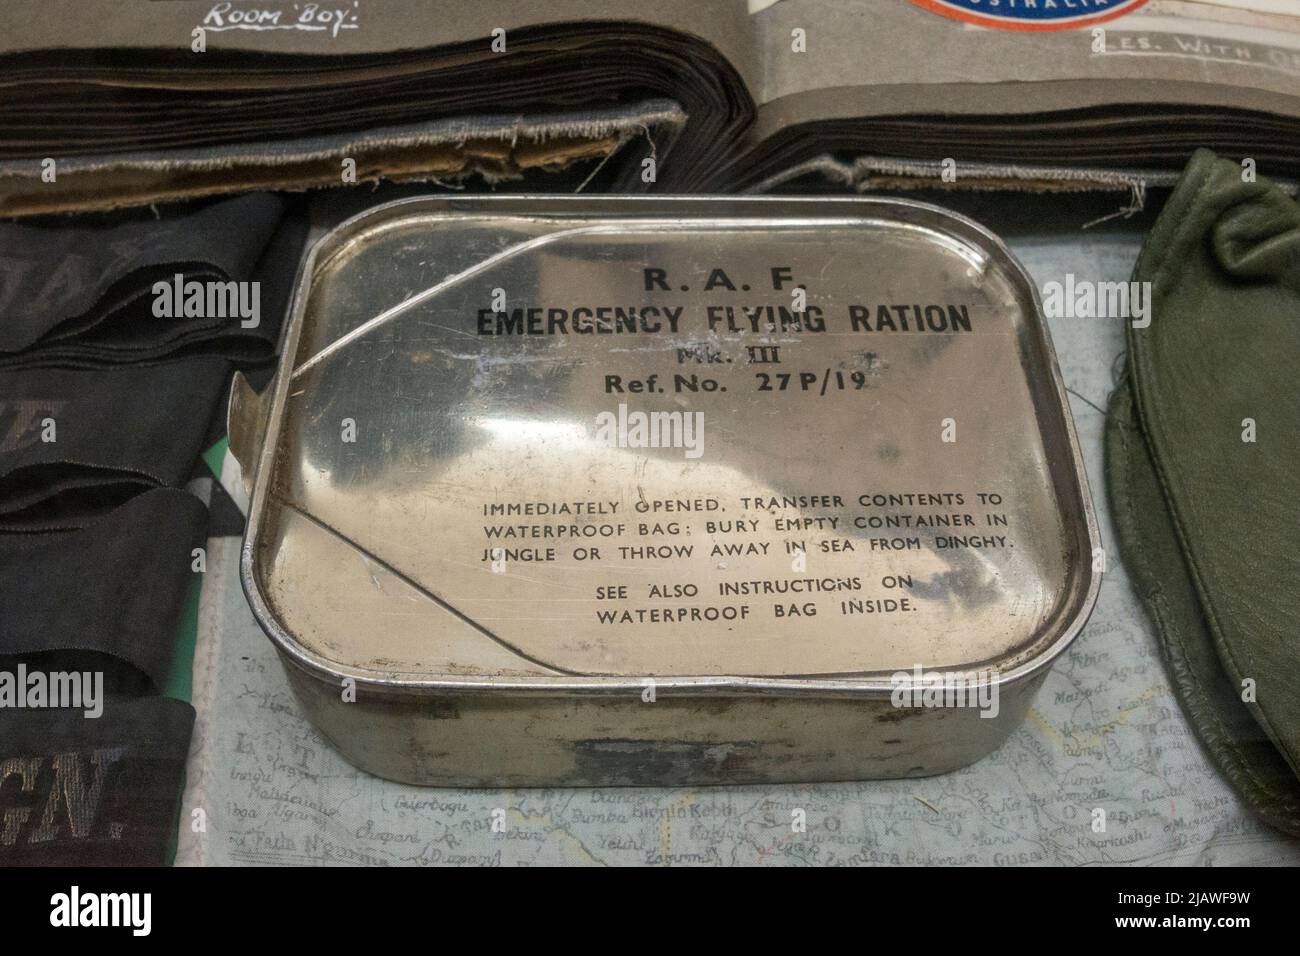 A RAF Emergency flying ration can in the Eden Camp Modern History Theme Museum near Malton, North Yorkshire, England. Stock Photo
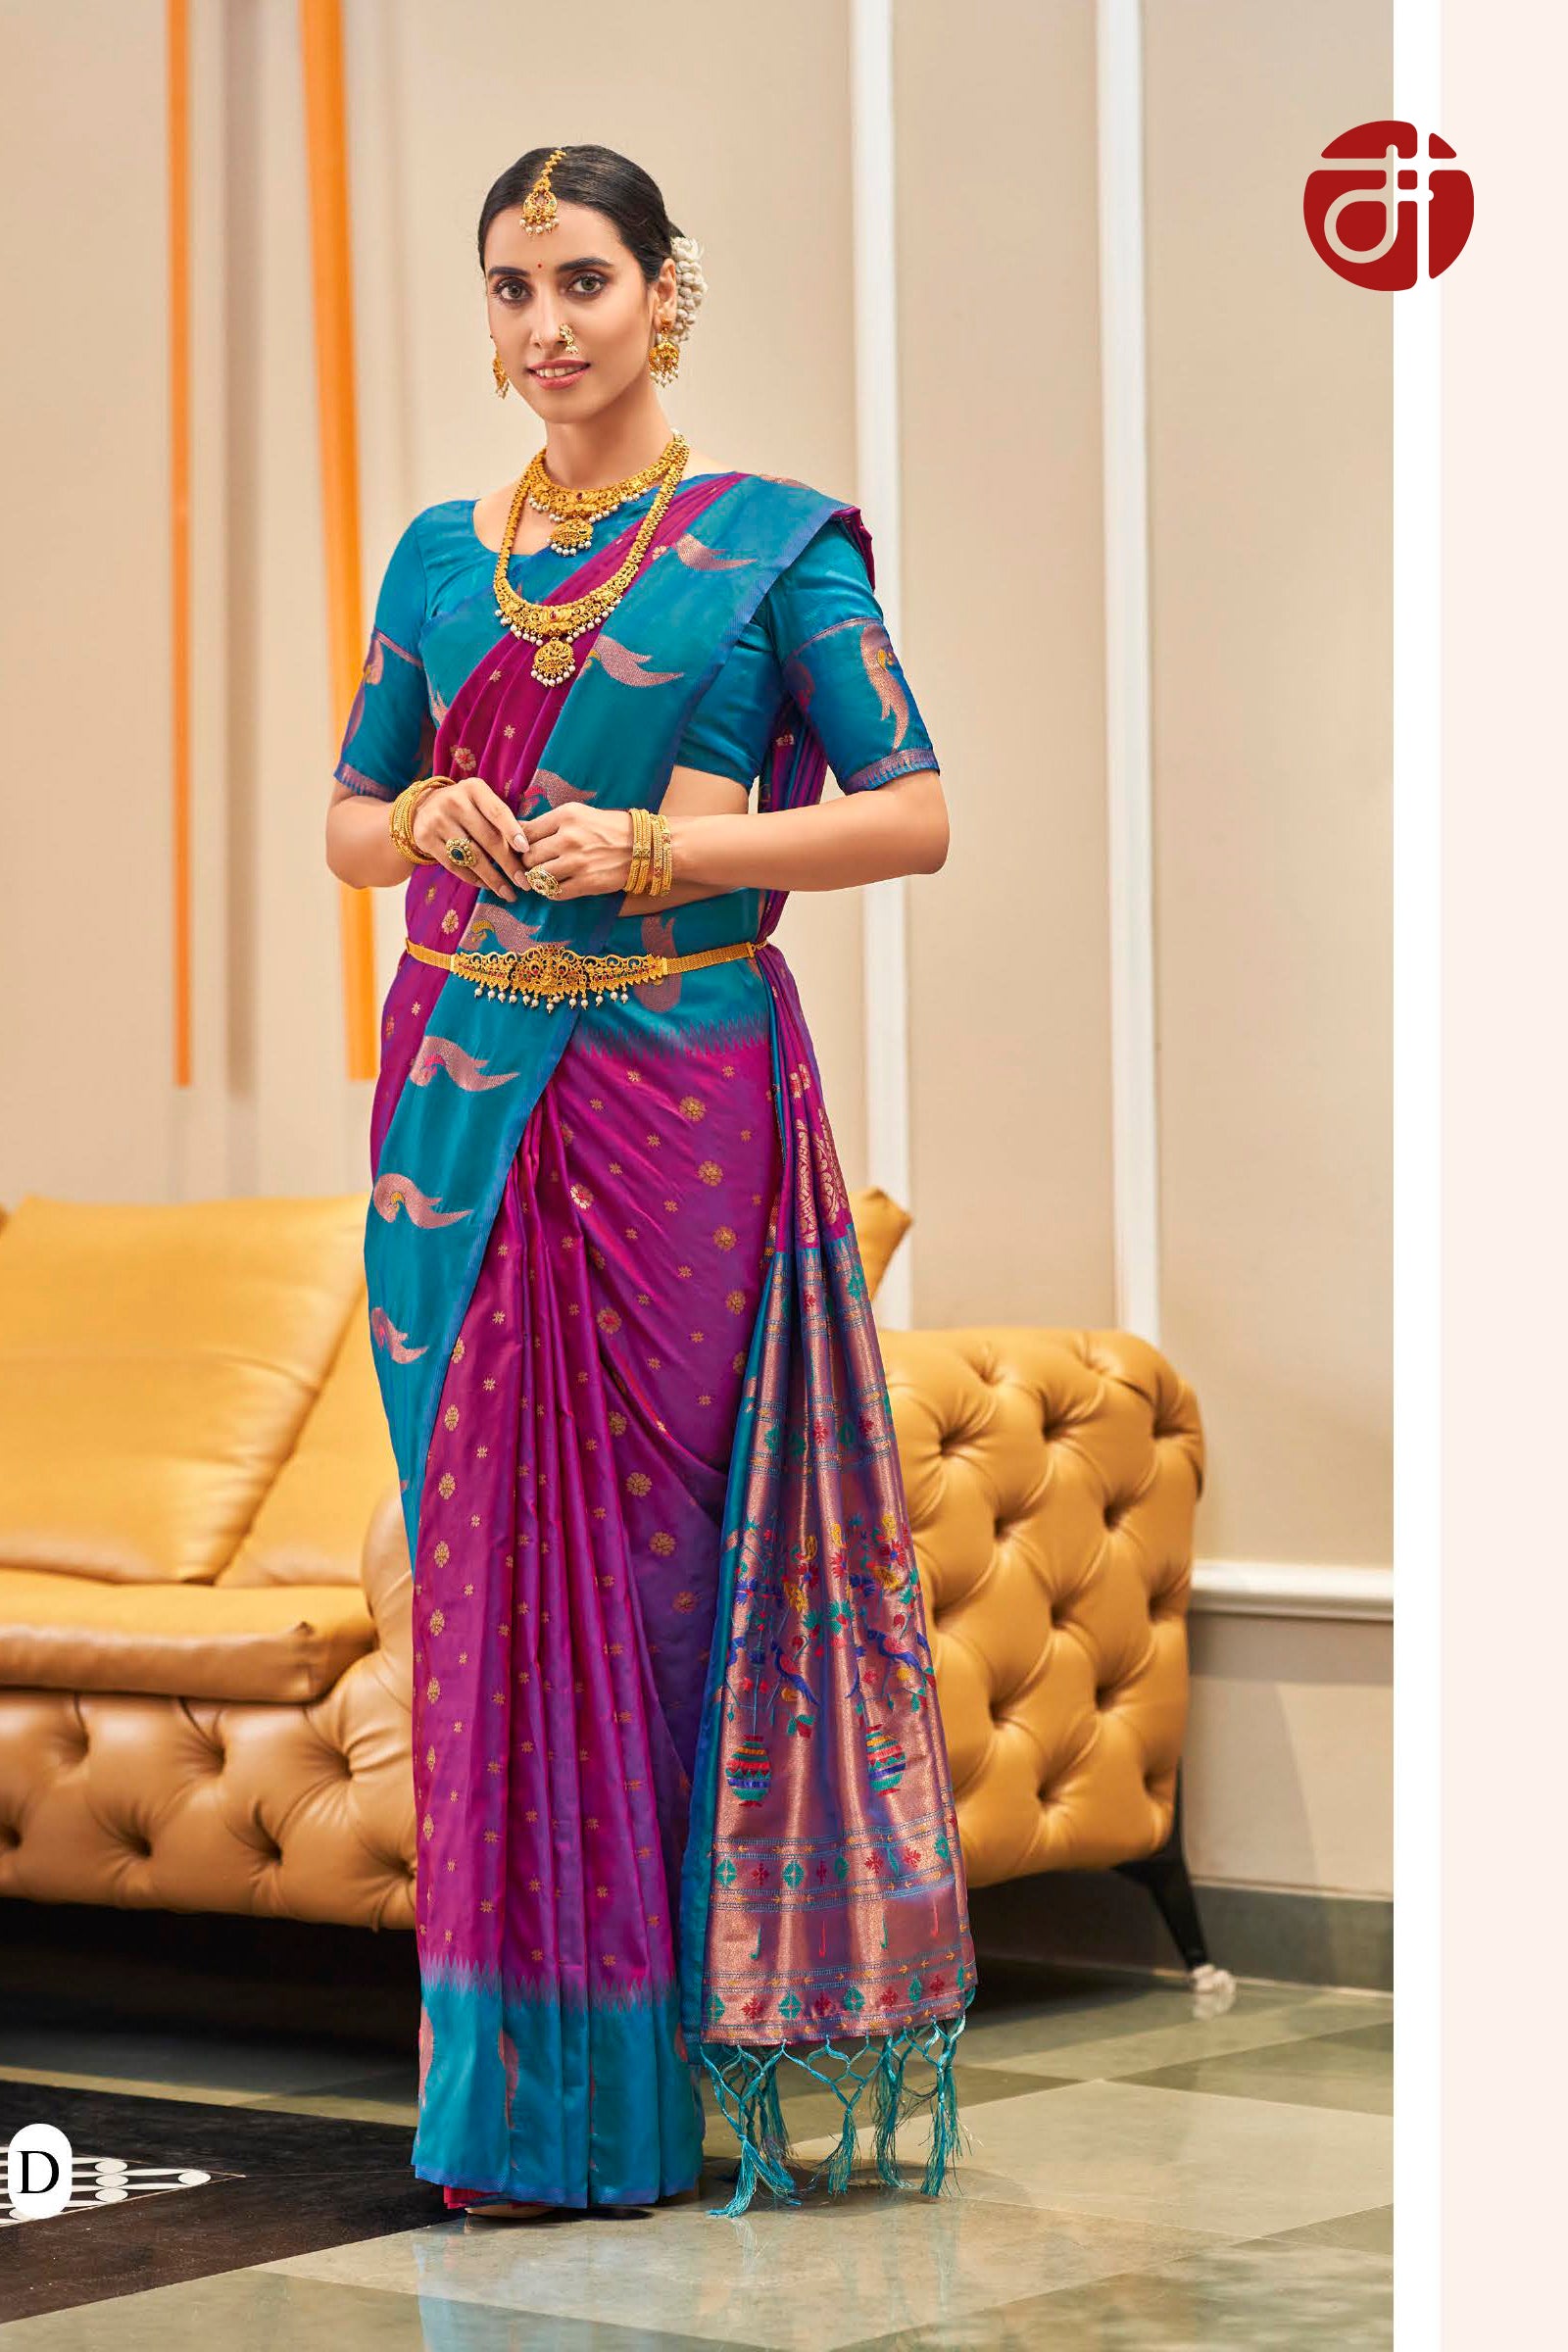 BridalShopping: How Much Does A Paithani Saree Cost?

---

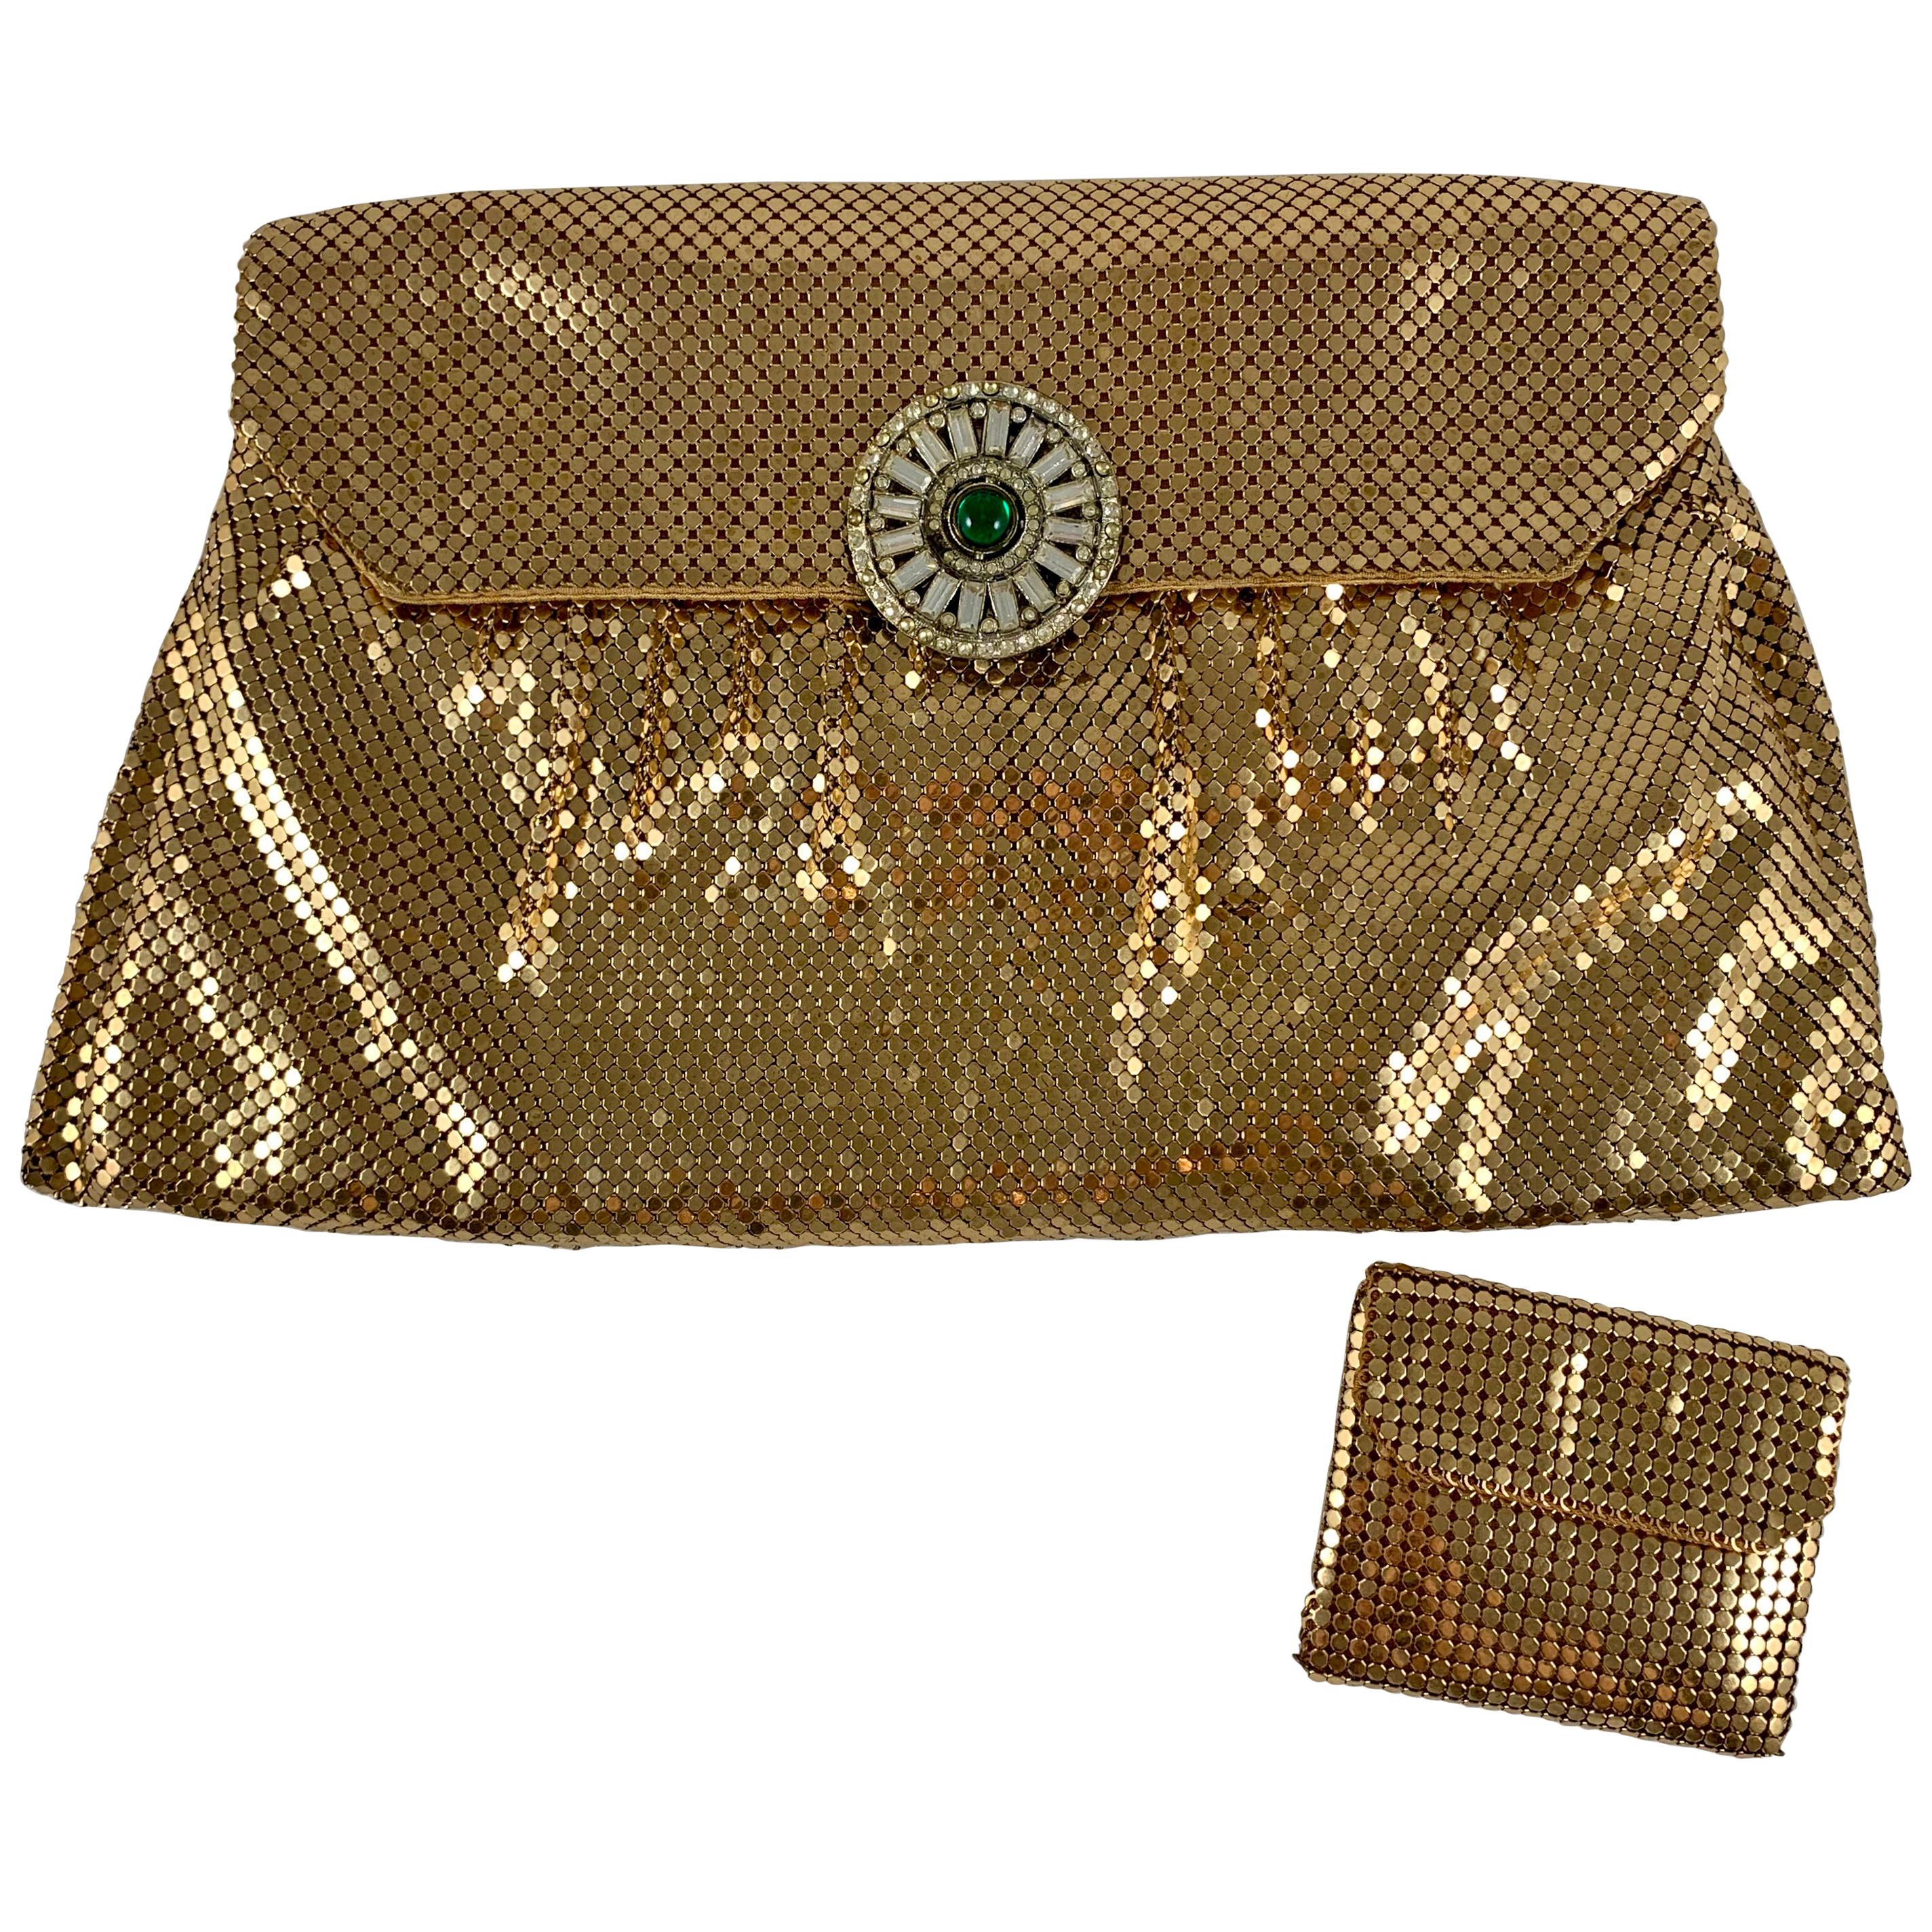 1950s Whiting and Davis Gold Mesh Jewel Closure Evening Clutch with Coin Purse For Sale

--- Exercise ---
In the data above, find the line containing "A RAF Emergency" and the line containing "BridalShopping: How Much". Repeat those two lines and everything between them exactly, minus the pictures.

--- Result of this task ---
 A RAF Emergency flying ration can in the Eden Camp Modern History Theme Museum near Malton, North Yorkshire, England. Stock Photo
 BridalShopping: How Much Does A Paithani Saree Cost?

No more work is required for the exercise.